Highlights of the approved project list include:

  • Ten water supply projects are estimated to provide 4.1 million gallons per day (mgd) of alternative water supply and to conserve 0.6 mgd.
    • Water conservation projects include Orange County Utilities’ Waterwise Neighbor Program and, programs in Seminole and Volusia counties.
    • Reclaimed water retrofits and other reuse projects were approved for funding in Deltona, Daytona Beach, Jacksonville, Ocoee and Ormond Beach.
  • Twelve water quality protection projects are estimated to reduce nutrient loads by 27,690 pounds of total nitrogen per year and 58,050 pounds of total phosphorus per year. These include:
    • Septic to sewer conversion projects in Atlantic Beach, Indian River County, Longwood, Ocala, Putnam County and South Daytona Beach.
    • Wastewater treatment improvements and/or expansion in Altamonte Springs, Cocoa Beach, Edgewater, Ocala, and Ormond Beach.
  • Two flood projection projects in St. Augustine and Jacksonville are estimated to protect 56 acres.
  • Three natural systems restoration projects are estimated to provide an aquifer recharge benefit of 9.2 mgd to Silver Springs and Volusia Blue Spring.
  • The approved list includes 11 springs restoration projects benefitting Outstanding Florida Springs, including five projects benefitting Silver Springs.
  • Projects are located in Brevard, Duval, Indian River, Marion, Orange, Putnam, Seminole, St. Johns and Volusia counties.

Fifty-four applications totaling $33.4 million in requested district funding were ranked and scored based on core mission benefits, cost effectiveness, likelihood of successful and timely completion, and application quality and completeness.

Projects must begin during fiscal year 2019 and be completed within two years.

The board also approved a list of 17 projects that provide water quantity and/or water quality improvements to Outstanding Florida Springs within the district. The project list will be sent to the Florida Department of Environmental Protection (FDEP) and the Florida Legislature for approval.

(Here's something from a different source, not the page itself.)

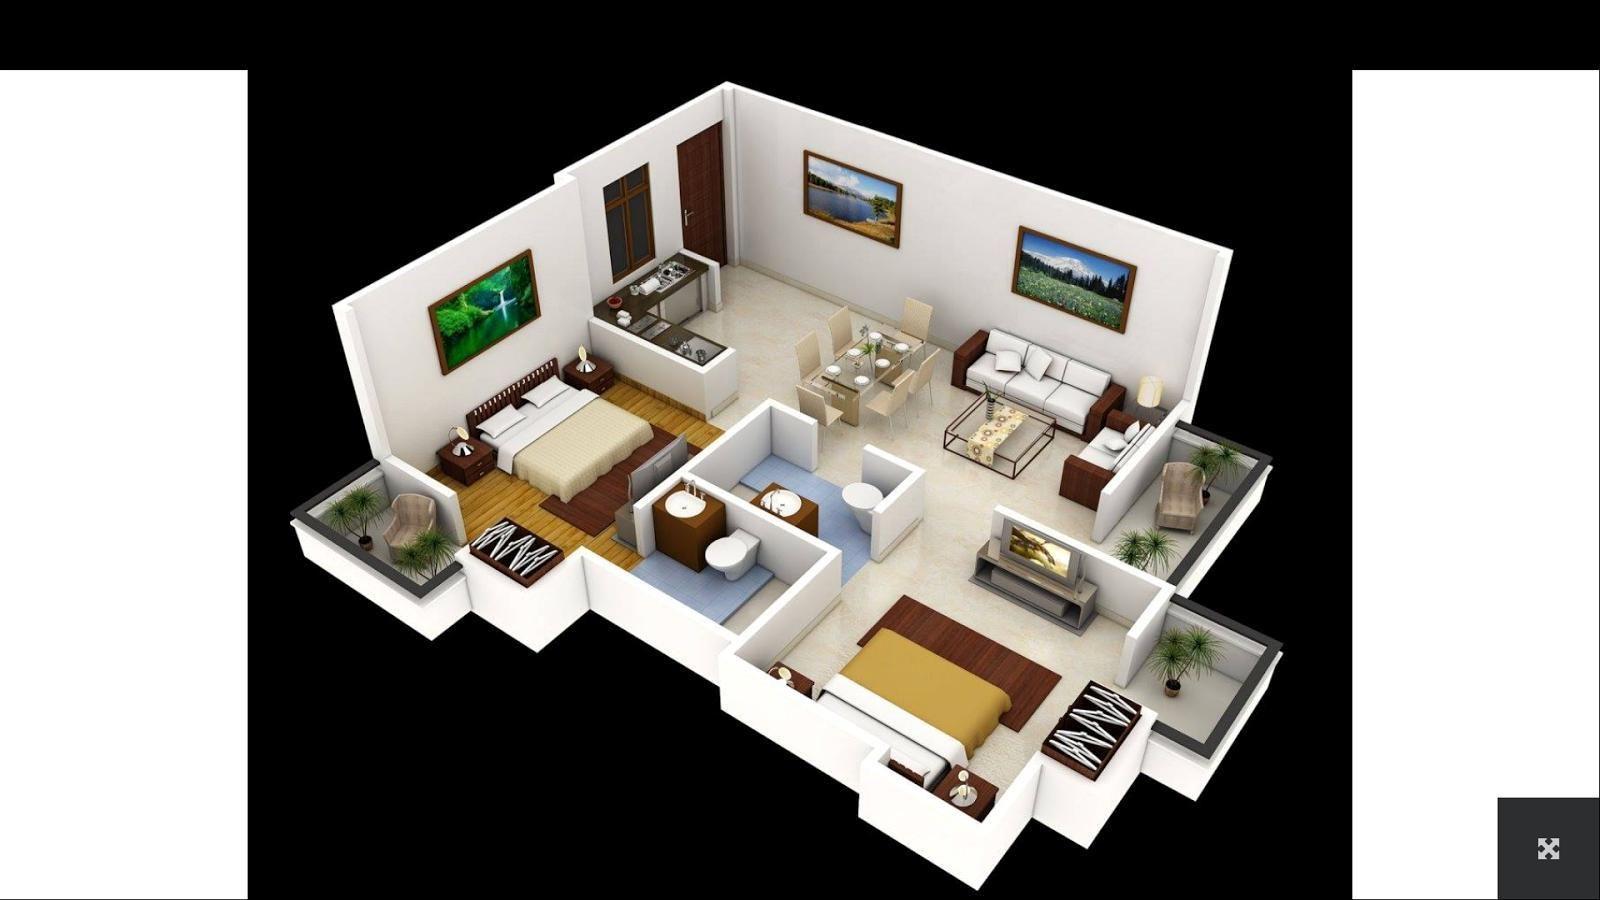 Logiciel de plan de maison gratuit a telecharger id es de travaux - Logiciel de plan de maison gratuit ...

Between 2014 and 2018, nearly 100 district cost-share projects have reduced total nitrogen entering Florida’s springs by 1 million pounds per year and have conserved approximately 13 million gallons of water per day. During this same time period, cost-share programs have provided approximately $45 million in funding for springs restoration projects and FDEP has provided nearly $25 million toward these projects.